▶ [Task requirements]
Look below for the line containing "FRU:5B20P24353 For Lenovo"; from there, print each line exactly up to and including the line containing "Jeune femme peur", and stop.

::: Data for processing

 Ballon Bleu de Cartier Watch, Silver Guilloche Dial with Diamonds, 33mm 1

::::::
::: Data for processing

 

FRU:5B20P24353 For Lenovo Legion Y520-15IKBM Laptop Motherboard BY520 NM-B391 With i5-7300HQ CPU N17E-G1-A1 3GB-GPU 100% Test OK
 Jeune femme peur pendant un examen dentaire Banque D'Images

::::::

▶ [Answer area]
FRU:5B20P24353 For Lenovo Legion Y520-15IKBM Laptop Motherboard BY520 NM-B391 With i5-7300HQ CPU N17E-G1-A1 3GB-GPU 100% Test OK
 Jeune femme peur pendant un examen dentaire Banque D'Images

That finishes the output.